* _DIRECTIONS_: Begin with the line that holds "Ожидание украинцев от" and retype through the last line of the listing below, exactly; pictures are not part of the copy.

* _GIVEN INFORMATION_:
◇ ◇ ◇ ◇ ◇
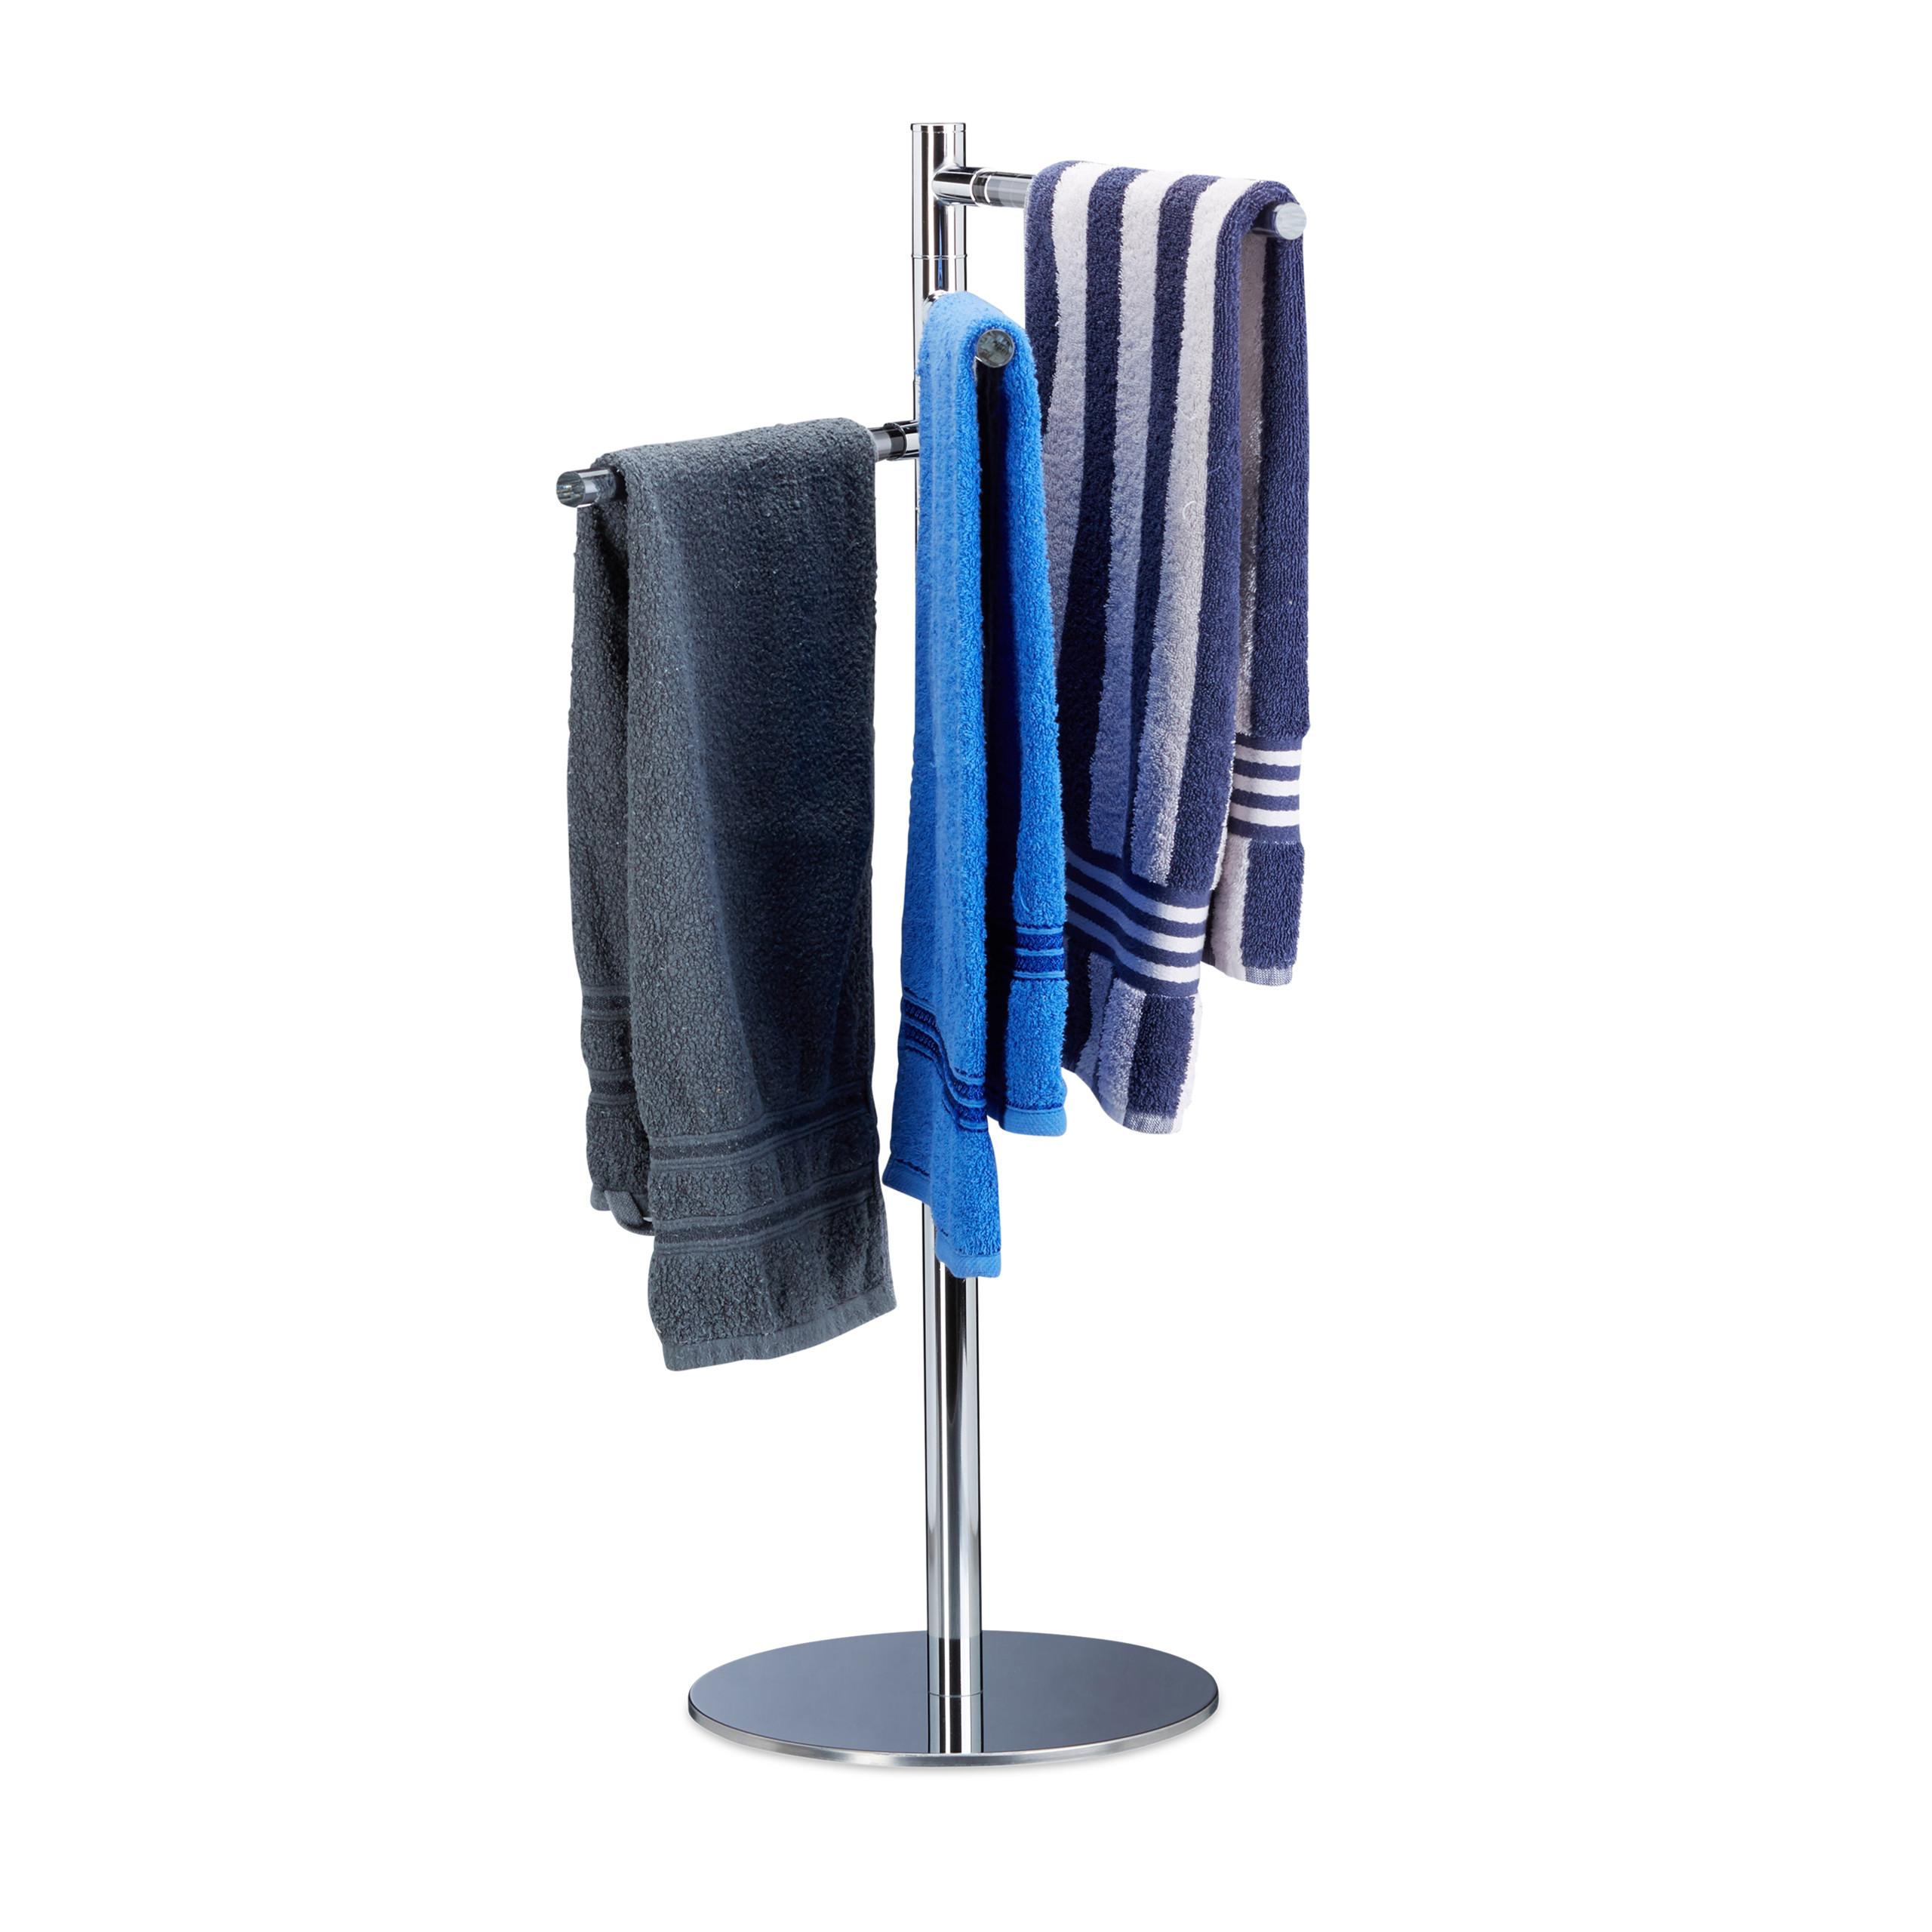 handtuchhalter freistehend standhandtuchhalter badetuchhalter handtuchst nder ebay. Black Bedroom Furniture Sets. Home Design Ideas
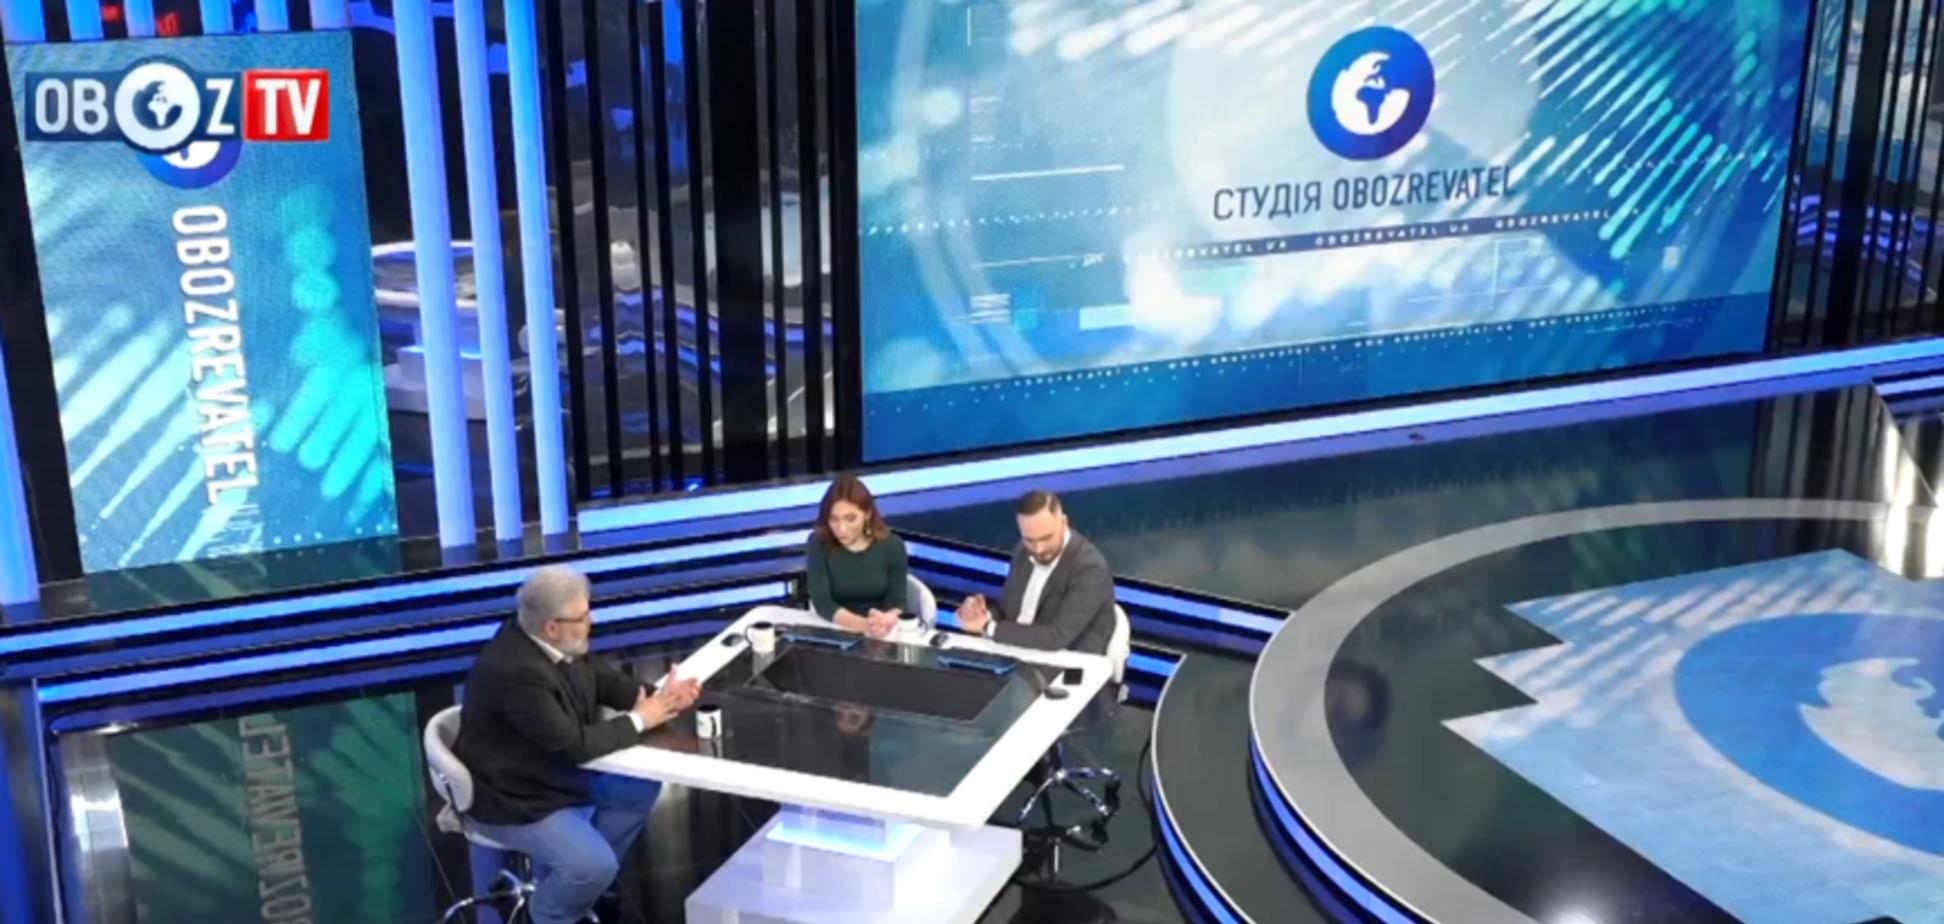 Ожидание украинцев от выборов: историк указал на тревожные симптомы
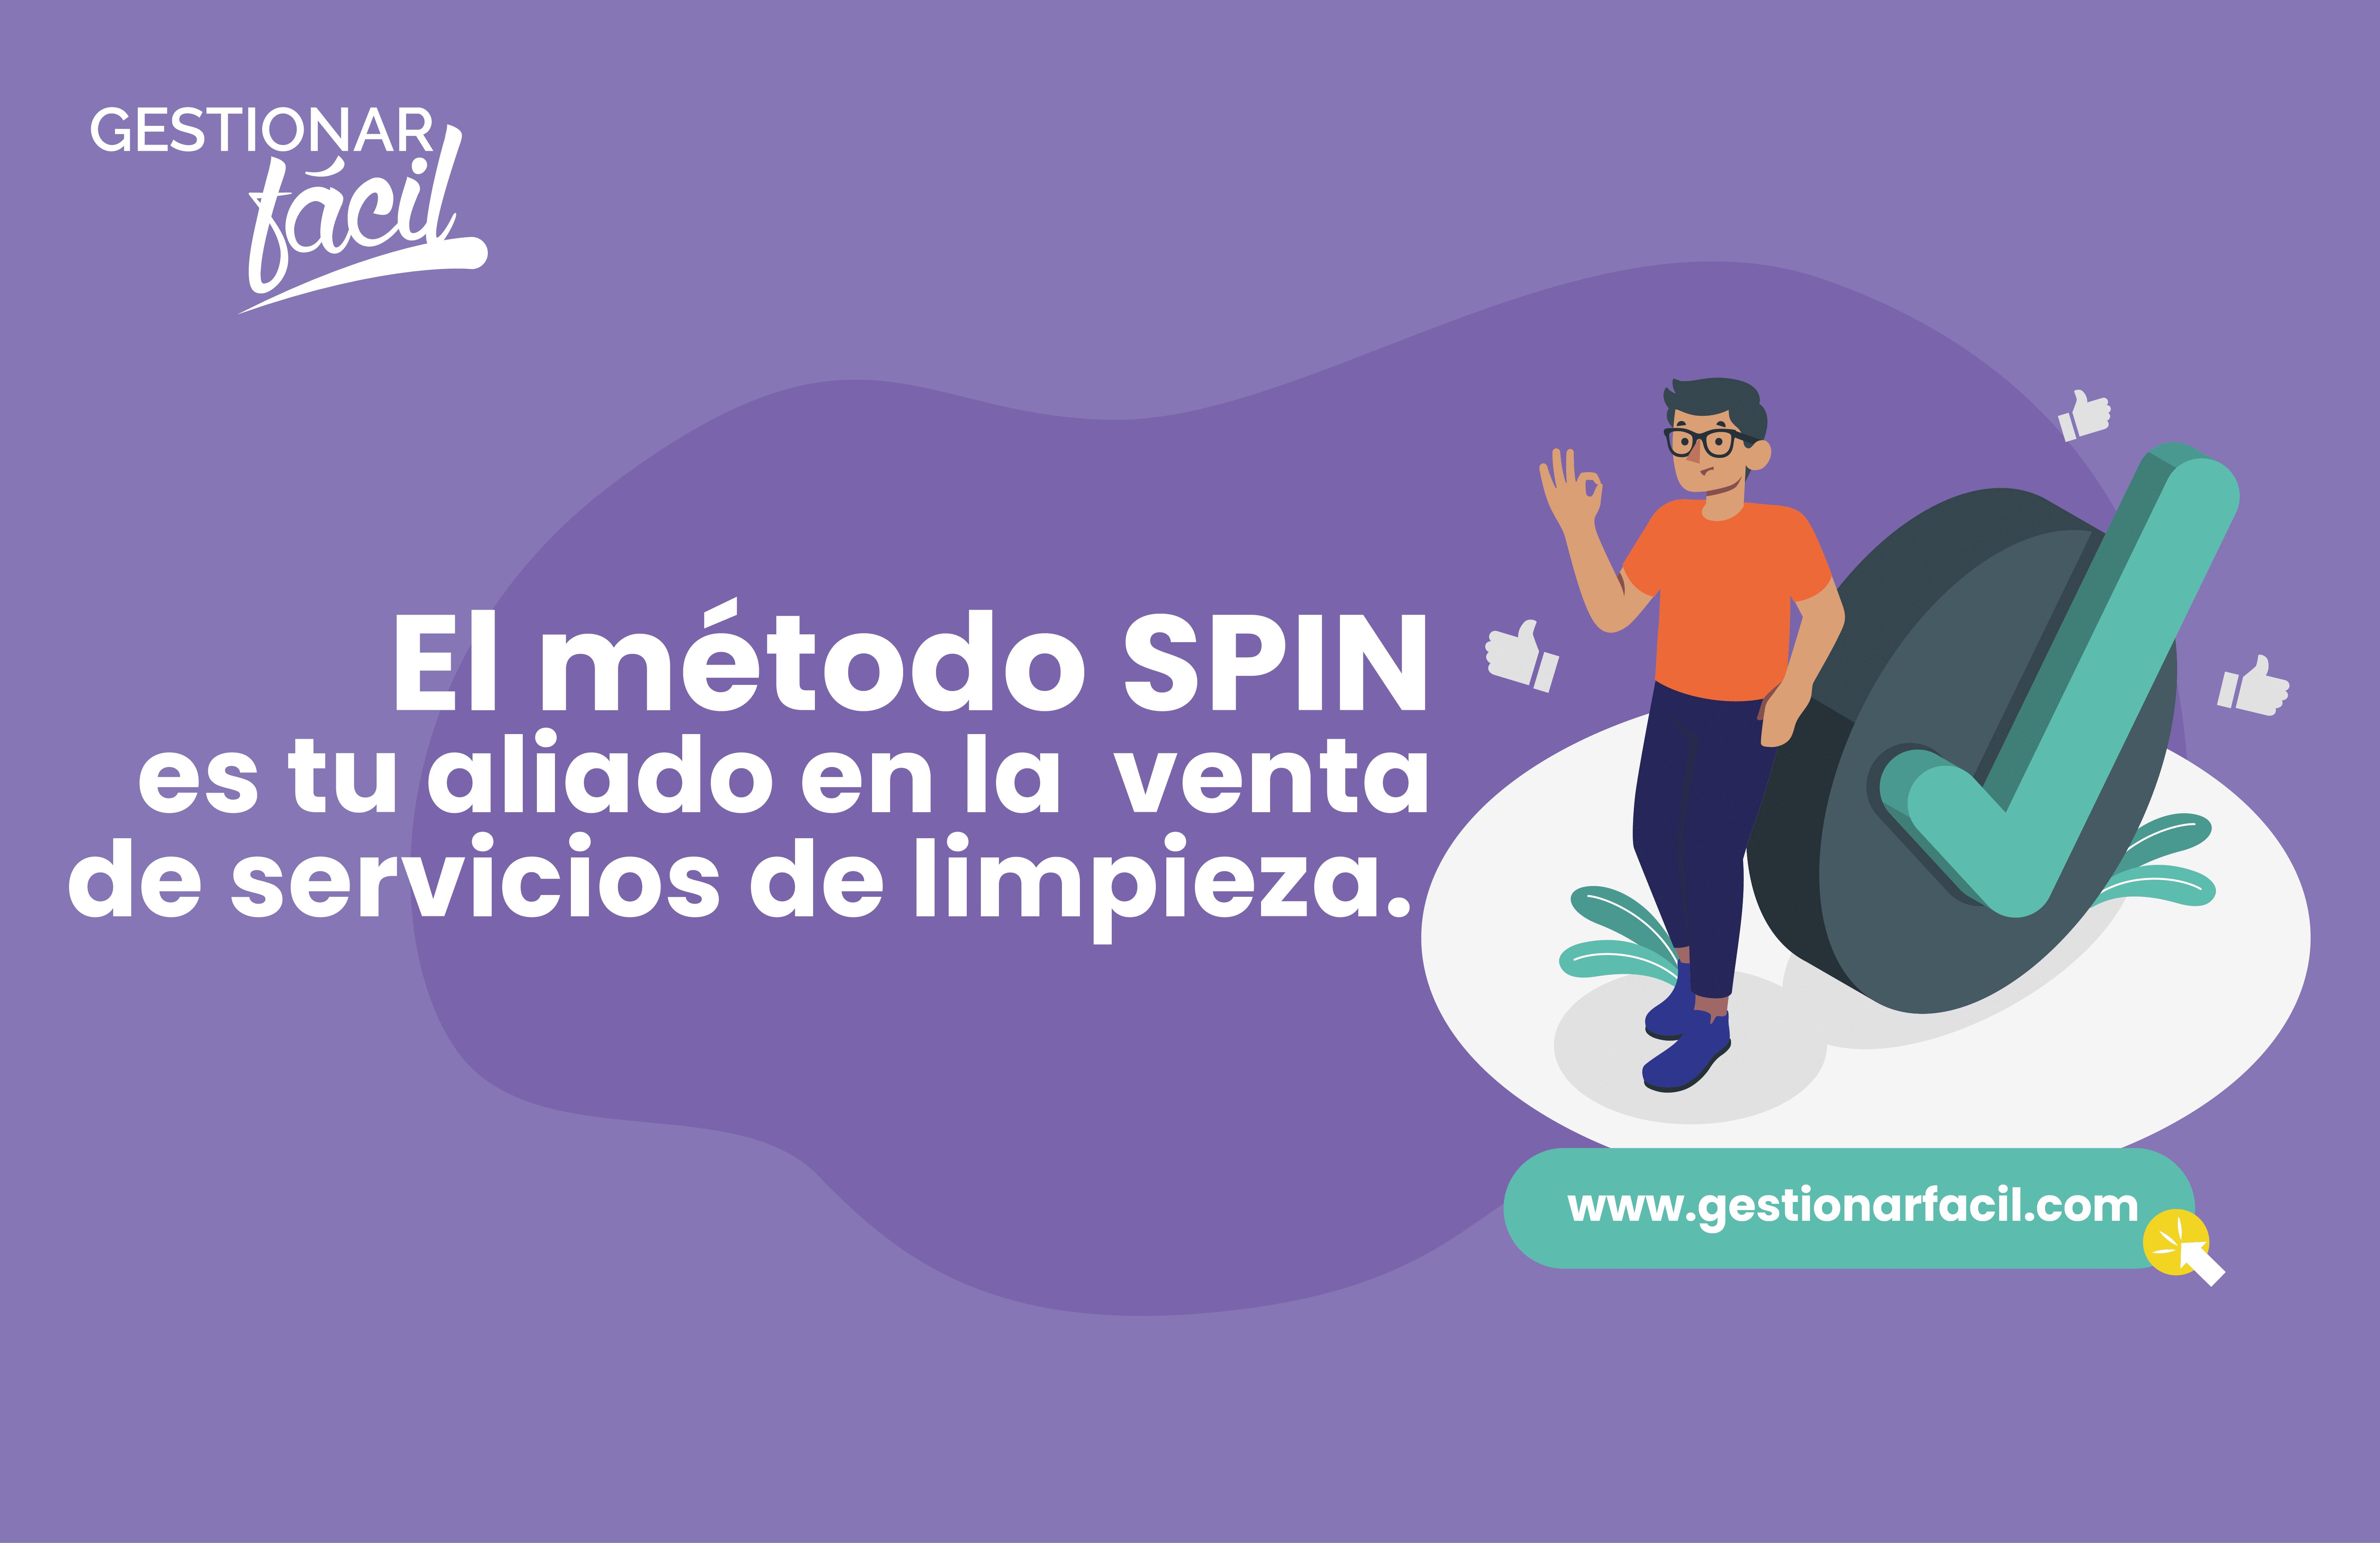 El método SPIN es tu aliado en la venta de servicio de limpieza.
◇ ◇ ◇ ◇ ◇
* _ANSWER TO THE PROBLEM_:
 Ожидание украинцев от выборов: историк указал на тревожные симптомы
 El método SPIN es tu aliado en la venta de servicio de limpieza.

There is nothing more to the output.